Review of last recipe - Realize that this recipe was out of order (I hate when that happens) ... and why is a recipe needed for sweet potato puree? Isn't it just a natural result when mashing sweet potatoes?
TODAY'S RECIPE - BROCCOLI ROULADE
Recipe circa March 11, 1980 from Family Circle magazine
6 tbsp margarine (I will be using butter)
3/4 cup flour
3/4 tsp salt
3 1/2 cups milk
1 1/2 cups (approx 6 oz) shredded swiss cheese
6 eggs, separated
1 lb broccoli
1/4 tsp dry mustard
Grease a 15" x 10" x 1" jelly roll pan, line with foil and grease the foil.
Melt margarine (butter) in saucepan and blend in flour and salt. Slowly add 3 cups of the milk, stirring constantly until the sauce thickens and bubbles.

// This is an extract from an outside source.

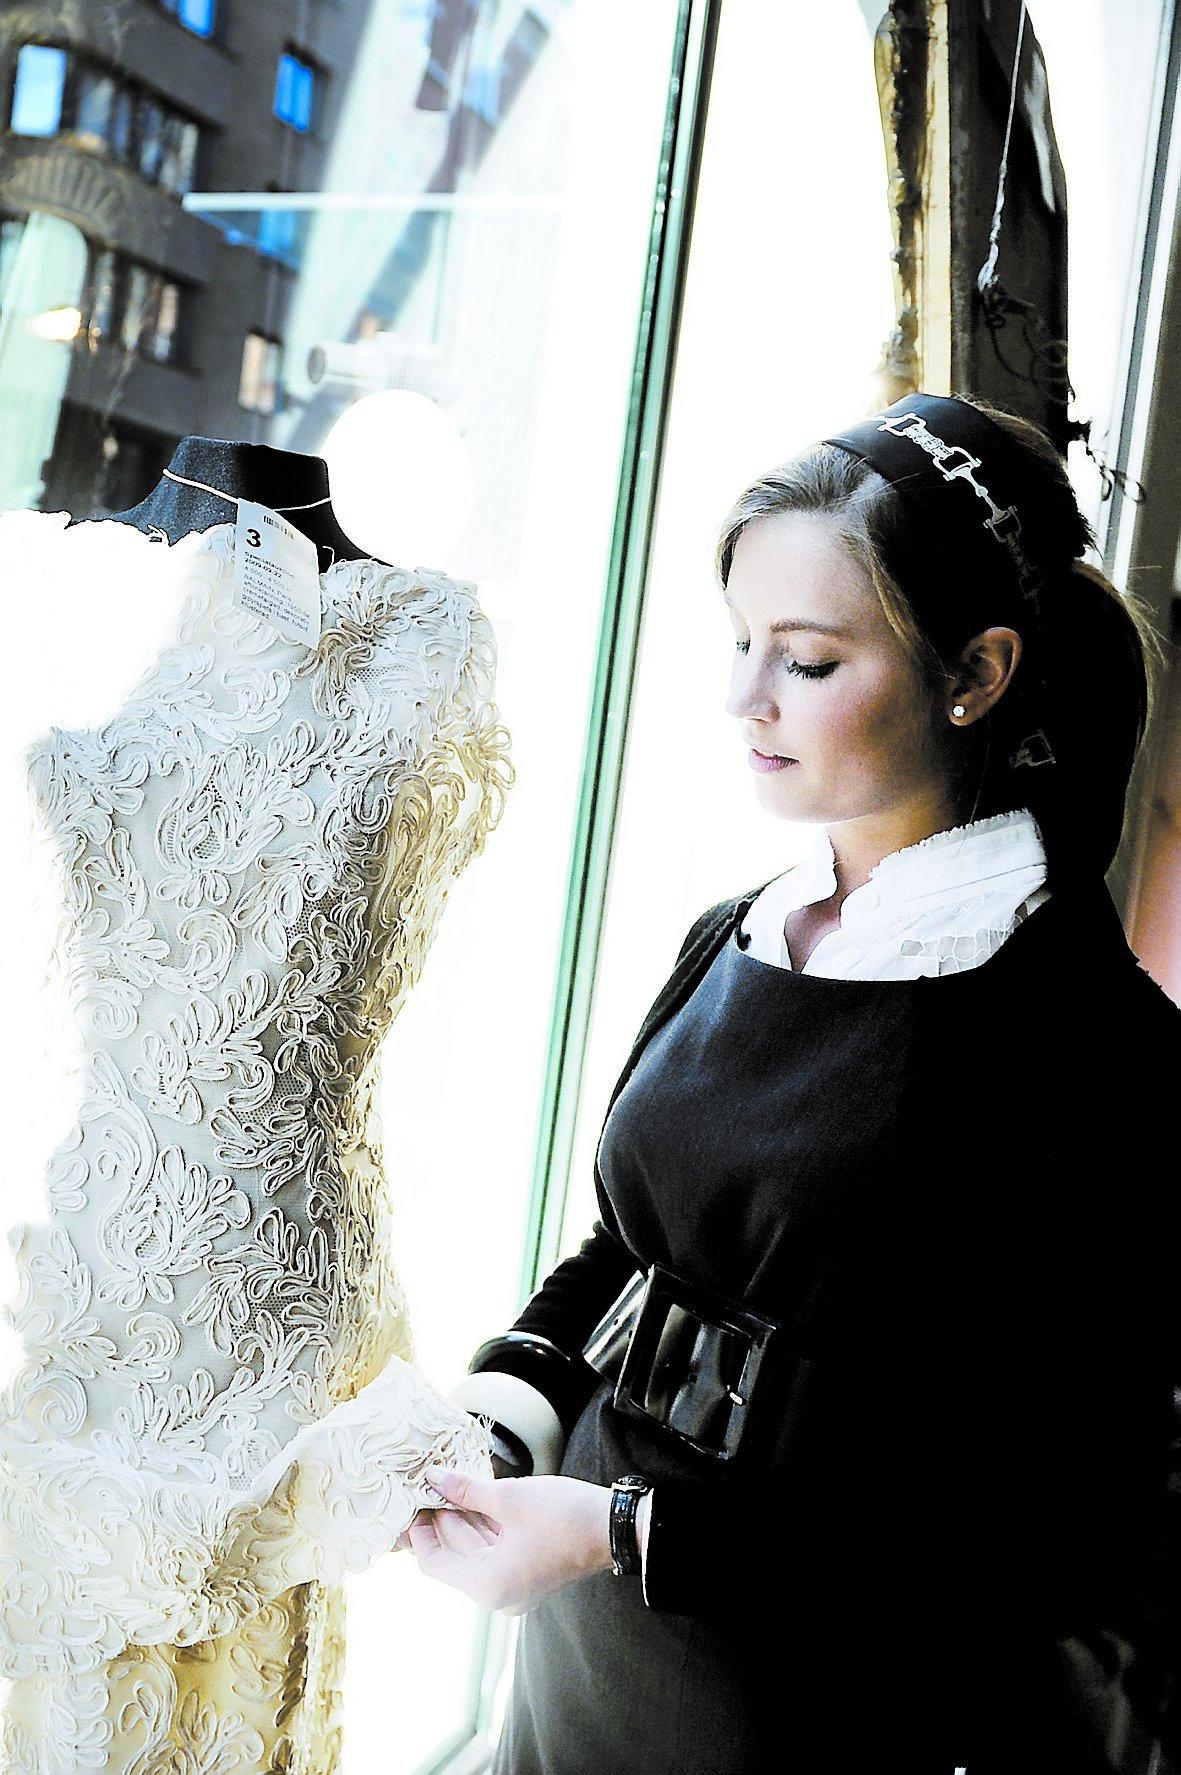 BALMAIN-BLÅSA Beata af Donner, utställningsansvarig, visar sin favoritklänning: En gräddvit 1950-talsblåsa från Balmain med utropspris på 4 000–5 000 kronor. ”Den är värd betydligt mer”, säger hon.

Remove sauce from heat and pour 1 cup into a small saucepan and reserve.
Add 1/2 cup of the cheese to the larger amount of sauce, stirring until the cheese melts.
Beat egg whites in a small bowl with an electric mixer until soft peaks form. Beat egg yolks in a large bowl with same beaters until light and thick; about 3 minutes.
Beat a small amount of the hot sauce into the yolks, then slowly stir in the remainder until the mixture is well blended.
Stir a spoonful of the egg whites into the sauce, then fold in the remaining egg whiles until no streaks of white remain. Spread souffle mixture evenly in prepared pan.
Bake in a 325 degree oven for 45 minutes or until top is golden and springs back when lightly touched.
Cut broccoli flowerettes into 3" lengths, then cut into 1/2" pieces, reserving a few for garnish. Save remainder of stems for another meal. Cook broccoli in boiling salted water until tender; drain.
Stir dry mustrard, 1/2 cup of the cheese and the remaining 1/2 cup milk into the reserved sauce in the small saucepan. Stir over low heat until cheese melts.
Remove souffle from oven, loosen around edges with spatula. Cover a cookie sheet with foil; invert over souffle. Invert souffle; remove jelly roll pan and layer of foil carefully.
Spread broccoli evenly over souffle and sprinkle with remaining 1/2 cup cheese. Drizzle with 1/2 cup of the sauce. Starting at the 10" side, roll souffle, jelly roll style, lifting foil to guide it. Lift roll onto heated platter with two wide spatulas.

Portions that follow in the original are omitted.